**WHAT IS REQUIRED**: Look below for the line that contains "Ibiza news photo" and the line that contains "Hotel Leela Kempinski Zentral- & Westindien", then restate both of them and every line in between, exactly. No picture goes in the copy.

-------- SOURCE INFORMATION --------

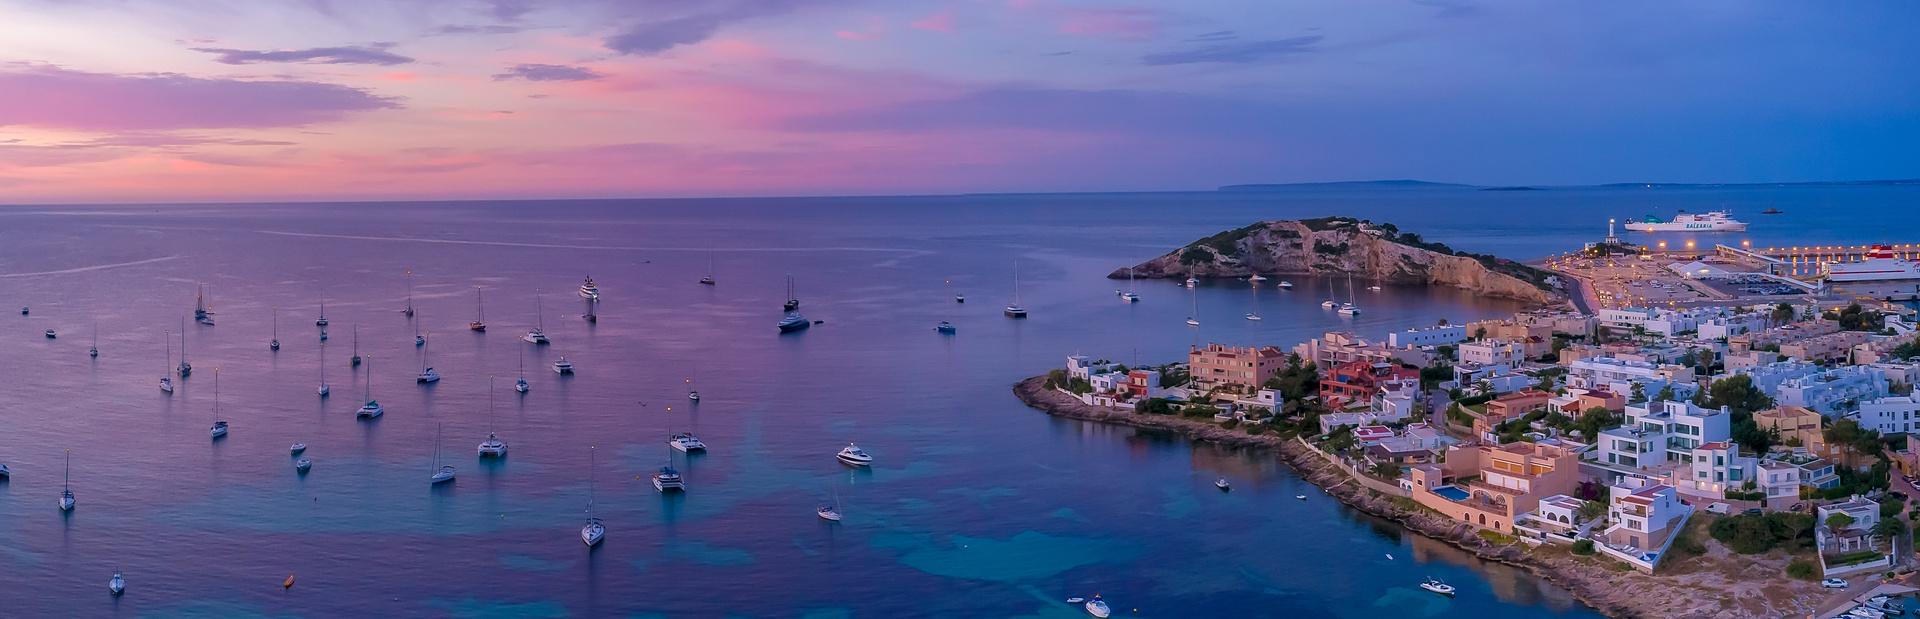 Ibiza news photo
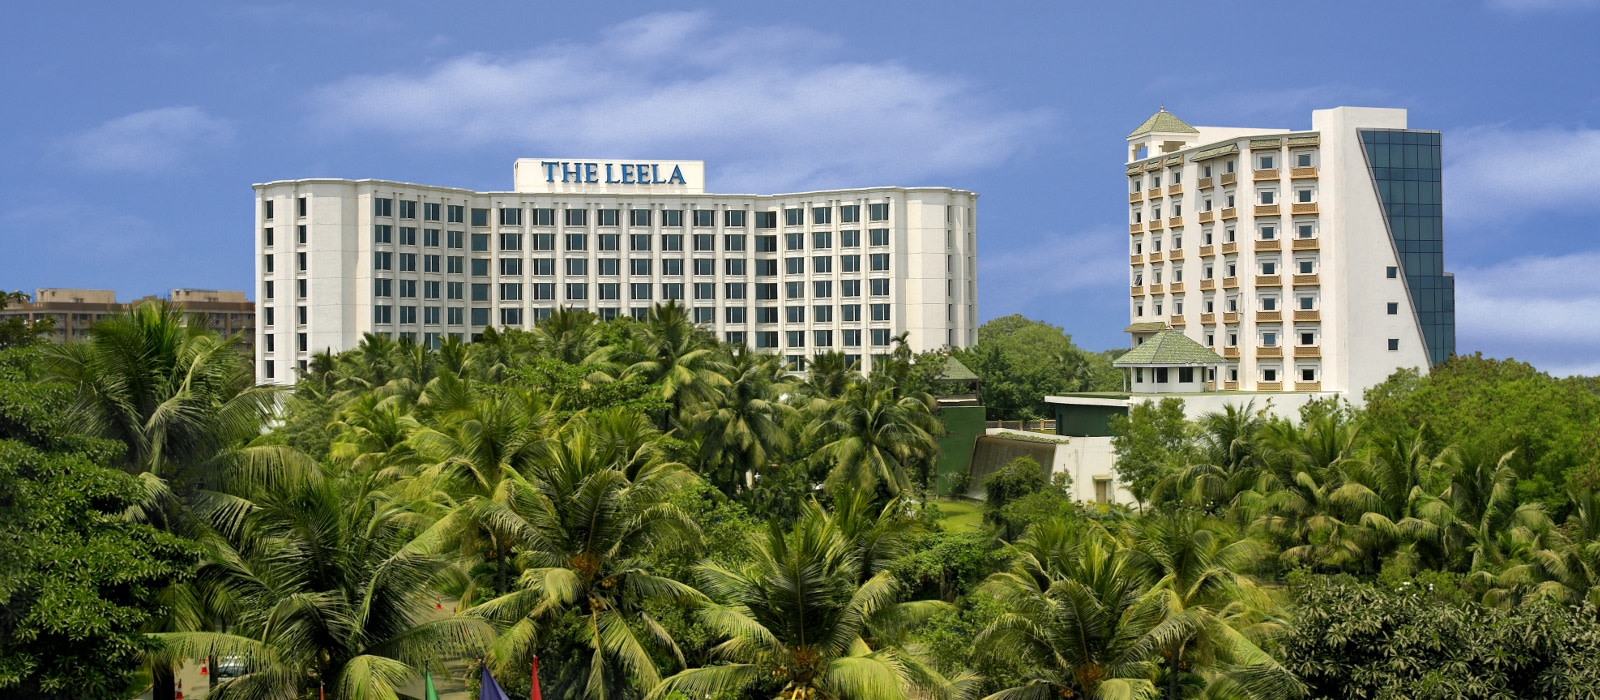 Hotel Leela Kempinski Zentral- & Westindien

--------
-------- SOURCE INFORMATION --------

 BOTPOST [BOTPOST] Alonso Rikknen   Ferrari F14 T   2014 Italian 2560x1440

--------

**REPLY TO THE EXERCISE**:
 Ibiza news photo
 Hotel Leela Kempinski Zentral- & Westindien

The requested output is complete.